On Tuesday, June 11 I will present a bit of my recent research into smart urbanism and the 'smart city' as applied to Philadelphia at Drexel University's Symposium on Urban Informatics: Exploring Smarter Cities. In the organizers' words, the symposium will examine how "Technologies transform city life in countless ways. The symposium on Urban Informatics will bring together designers, city planners and managers, technologists, scholars and entrepreneurs in Philadelphia, at the heart of the northeast urban corridor, to explore the frontiers of the urban environment." I am looking forward to the discussions coming out of this event; it will certainly be a productive and hopefully provocative day!

What follows is an overview of what I intend to cover in my fifteen minutes.

Philadelphia’s smart city agenda: Enabling urban change or perpetuating existing social inequalities?

This essay examines what urban informatics technologies enable: how this electromagnetic terrain of a city actively impacts the urban landscape.
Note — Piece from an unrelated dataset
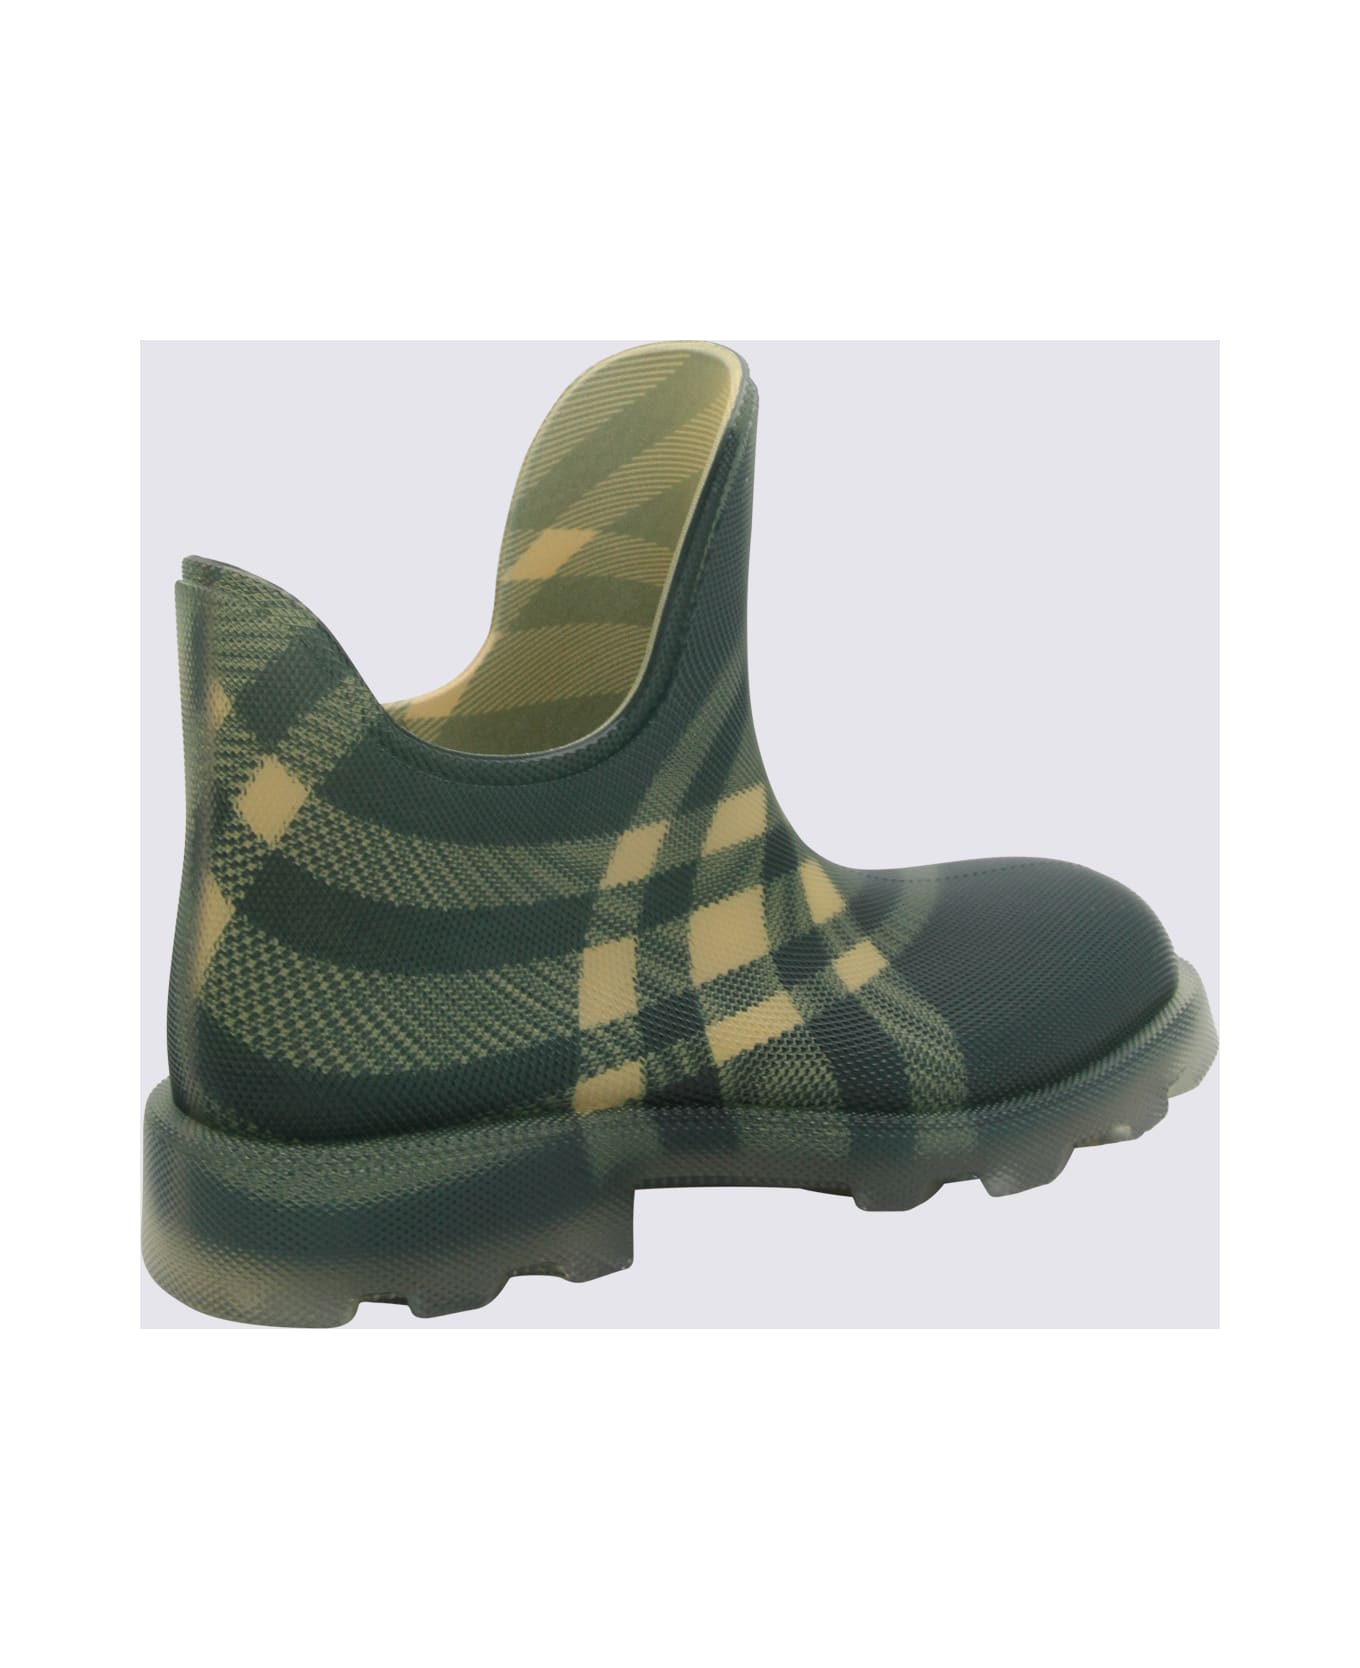 Burberry Green Boots - Fine-tune your instincts in these juniors football boots

By examining the digital infrastructure that support the Digital On-Ramps smart city project in Philadelphia, this essay will explore the systems, policies and technological scripts that produce a disposition toward responsive intelligence in the city. The Digital On-Ramps project proposes to connect Philadelphia’s under-served citizens to Internet-based workforce education and development training via smartphones, tablets, and traditional computers as a means of providing the skills necessary for these citizens to become competitive in a 21st century, globalized and service-oriented economy. Digital On-Ramps’ project requires a re-conceptualization of the infrastructure for education and content delivery, a renewed utility of digital telecommunication systems and, possibly, a lessened need for the traditional, physical spaces of schools and other established elements of the city’s built environment. All this combines with a tighter focus on new, digital actors for content delivery and consequently social and economic exchange itself. Through a place-based case study examining the numerous local and national actors involved in this smart city project, this essay will critique the push for workforce development outcomes through digital infrastructural efficiencies.

The central question the essay will address is: Does the Digital On-Ramps project benefit Philadelphia’s under-served, poorest citizens, or is the project geared more toward maintaining and improving Philadelphia’s image as a competitive, creative, and economically-relevant city in the globalized economy? The essay concludes that, while it is too early to see if, how, and where citizens will benefit from this project, the city’s smart city agenda has brought national and global media attention to Philadelphia.